MUSICIAN Irene Gledhill, nee Singleton, was well known in Huddersfield.

As these pictures show, the Golcar lass started out in Knowl Bank Council School choir, which had a measure of success in the 1920s, winning the school choir class of the Huddersfield-based Mrs Sunderland Musical Competition that year, and the same section in the Welsh National Eisteddfod in 1922.

Irene, a pupil of the famous Huddersfield teacher Arthur Willie Kaye, went on to play violin with the Huddersfield and Slaithwaite Philharmonic Orchestras, and became a peripatetic violin teacher in Huddersfield schools.

She was also the leader of Longwood Sing for a number of years.

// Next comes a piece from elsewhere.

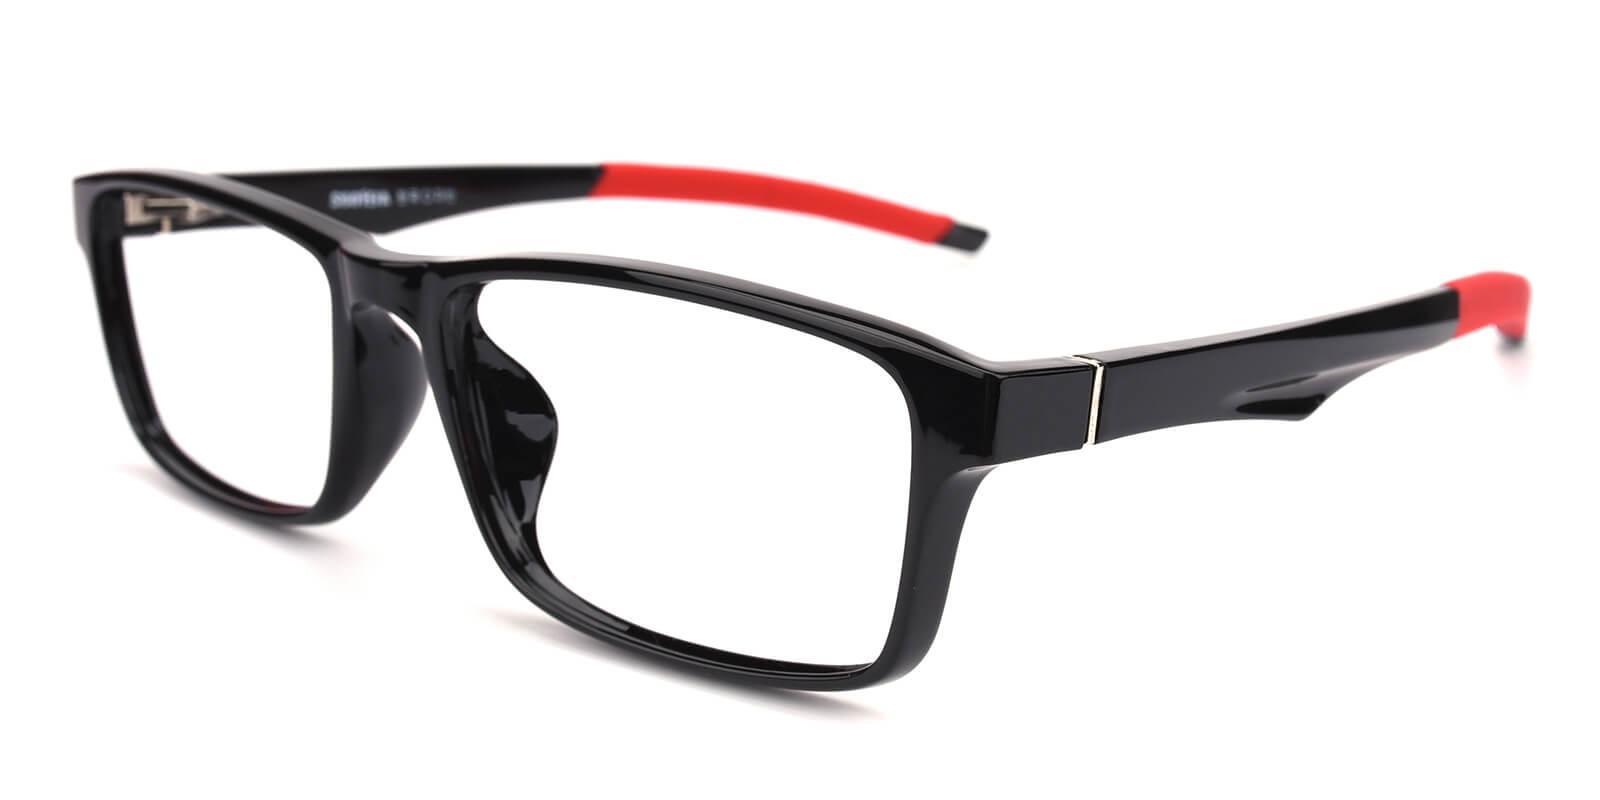 Arctic Black TR Eyeglasses , SportsGlasses , UniversalBridgeFit Frames from ABBE Glasses

She died in 1995 aged 87, but Dilys Lamb, her niece, kept the photographic records on this page and a gold medal the girls received for their Eisteddfod triumph.

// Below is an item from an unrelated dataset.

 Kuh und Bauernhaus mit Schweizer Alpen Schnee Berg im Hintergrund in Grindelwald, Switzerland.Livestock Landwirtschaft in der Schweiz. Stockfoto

“I believe the Golcar choir won the Eisteddfod twice, but I cannot verify that,” said Dilys.

“Irene always used to maintain that their choir had a higher score than the Manchester children’s choir which won a year or two later, who became very famous due to having had a recording made in 1929.”

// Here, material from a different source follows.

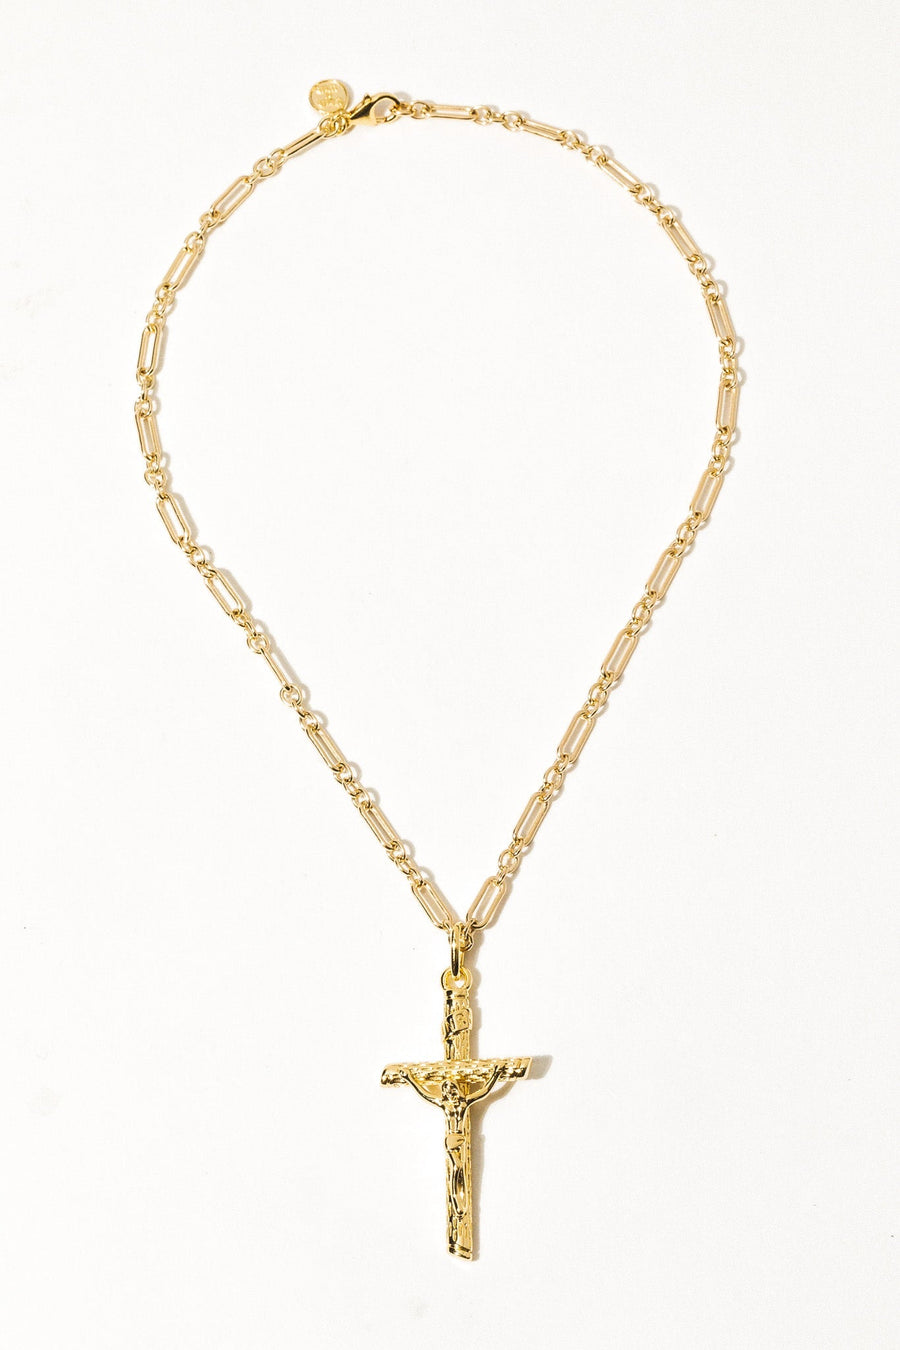 Dona Italia Jewelry Gold / 20 Inches Mio Santo Crocifisso Necklace

The top picture, of Lockwood Home Guard in 1940, features Irene’s husband Norman (again ringed, front row).

Crosland Hill-born Dilys left Huddersfield in December, 1999 to live nearer relatives in Buckinghamshire.

Educated at Royds Hall, she had been a teacher at Rawthorpe Infant School for 25 years after spells with the WRN or ‘Wrens’ (Women’s Royal Navy) and as a PO telephonist.